Edge Modes and Nonlocal Conductance in Graphene Superlattices

We study the existence of edge modes in gapped moiré superlattices of graphene monolayer ribbons on a hexagonal boron nitride substrate. We find that the superlattice bands acquire finite Chern numbers, which lead to a valley Hall effect. The presence of dispersive edge modes is confirmed by calculations of the band structure of realistic nanoribbons using tight binding methods. These edge states are only weakly sensitive to disorder, as short-range scattering processes lead to mean free paths of the order of microns. The results explain the existence of edge currents when the chemical potential lies within the bulk superlattice gap, and offer an explanation for existing nonlocal resistivity measurements in graphene ribbons on boron nitride.

Figure 1

Schematic representation of the even (left) and odd (right) parity scalar and vector potentials; each potential has an equivalent strength of 0.05 eV. The color scale gives the value of the local scalar potential.

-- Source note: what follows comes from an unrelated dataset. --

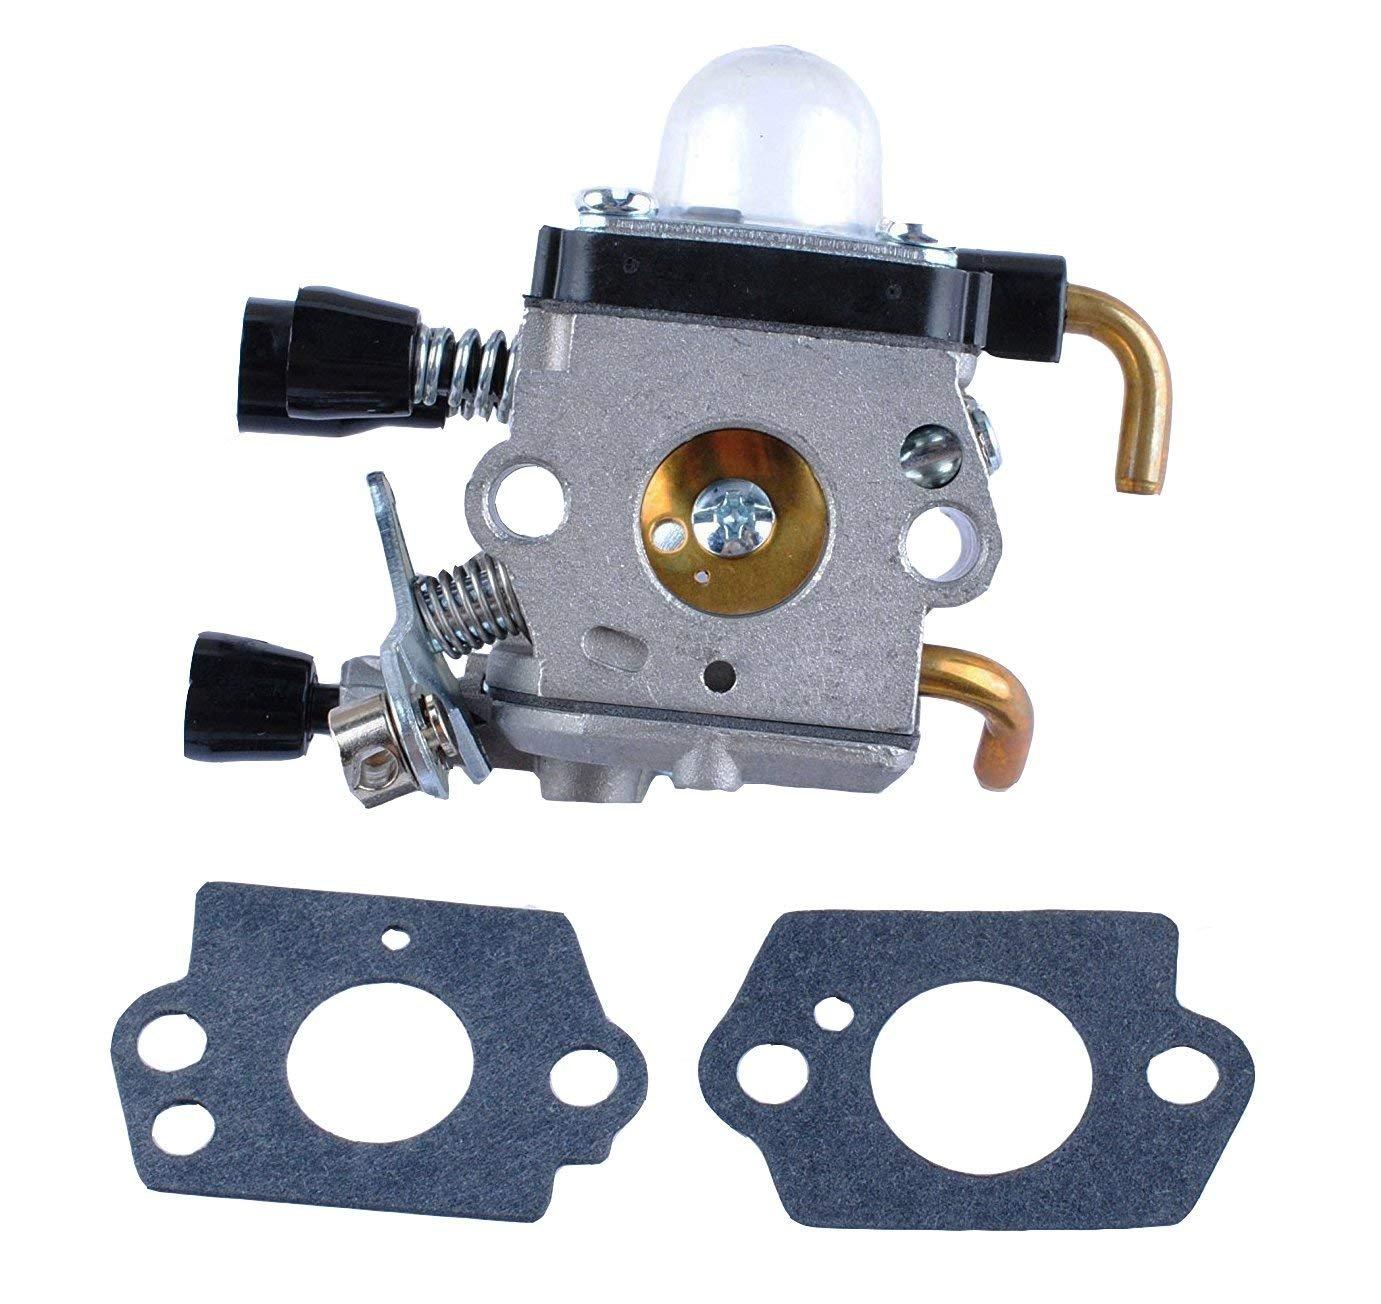 Stihl Bg55 Parts Diagram Carburetor Also Furthermore Chainsaw Poweka Replace Zama For A Ciq 1381x1304
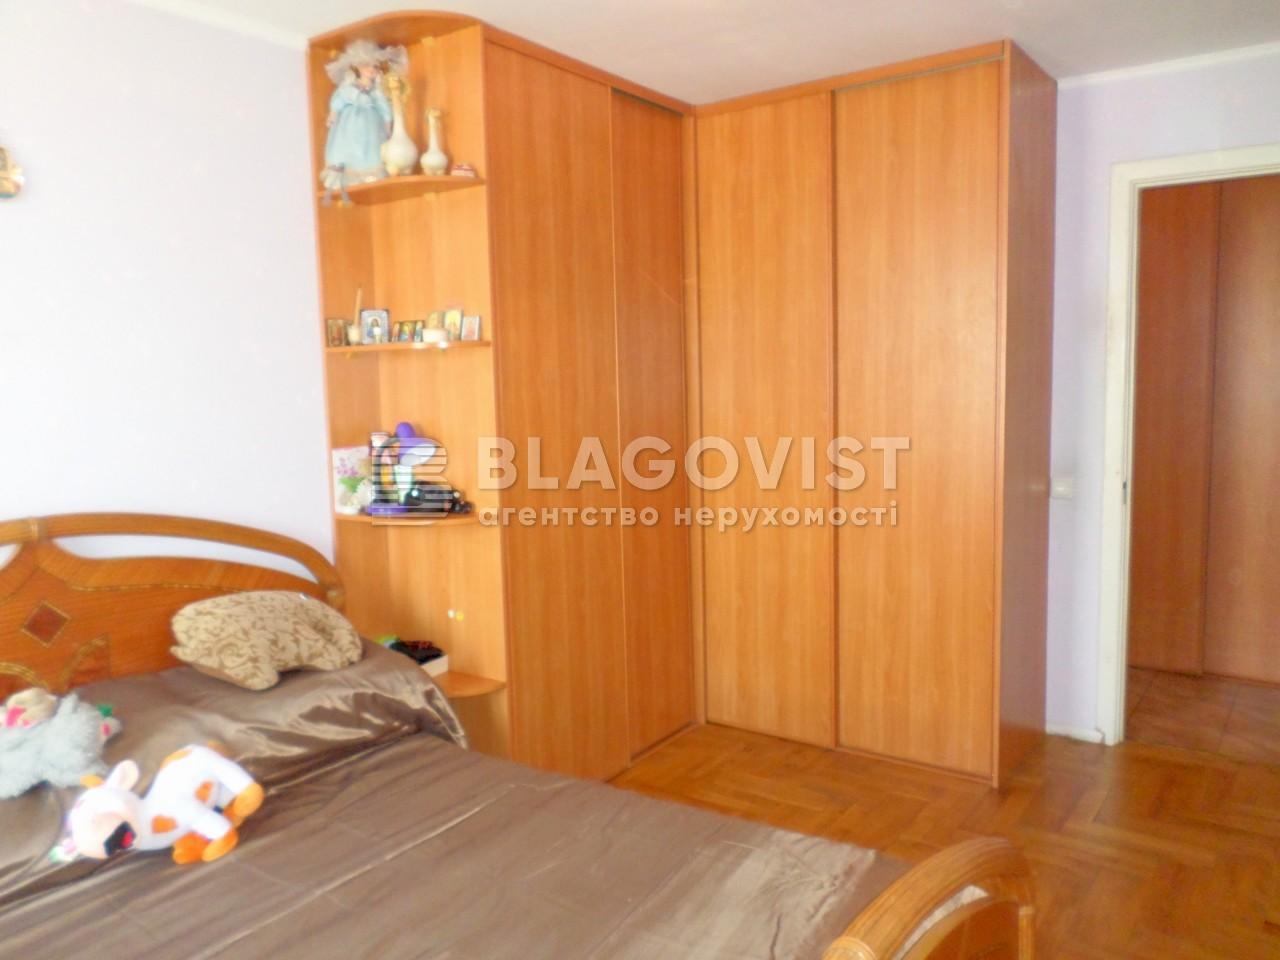 Квартира F-34331, Нововокзальная, 21, Киев - Фото 7

The vector potential describes changes in the local bond lengths due to the lattice mismatch with the substrate; lattice deformations are exaggerated by a factor of 10 for illustration purposes. Other sources of a gauge potential are also possible [42]. For details of the gauge potential, see Ref. [39].

Figure 2

(a) Subbands of a $50\times 50$ unit cell superlattice, with all perturbation potentials and an average unmodulated gap $\delta$, $(V_s^e,V_s^o,V_{\mathrm{\Delta }}^e,V_{\mathrm{\Delta }}^o,V_g^e,V_g^o,\delta )=(21,38,6,0,-42,-21,50)\mathrm{meV}$. The Chern densities for the conduction band (b) and first excited band (c) add up to Chern numbers 0 and 1, respectively.

Figure 3

(a) The band structure for nanoribbons 144 lattice sites in width, with a superlattice unit cell of $48\times 48$ graphene unit cells; we have labeled $k=k_{\parallel }d$. Flat bands localized at the nanoribbon edges lie within the average bulk gap, and produce a peak in the density of states. Most importantly, they provide conduction channels for low-energy edge transport. (b) The current distribution across nanoribbons of superlattice cell size $12\times 12$ and $48\times 48$ graphene unit cells. Assuming a small voltage and a midgap bias, only bands with energy $E_n$ in the ranges $-0.1\le E_n\le 0.1\mathrm{eV}$ and $-0.05\le E_n\le 0.05\mathrm{eV}$, respectively, are included. In both figures the superlattice parameters are the same as in Fig. 2.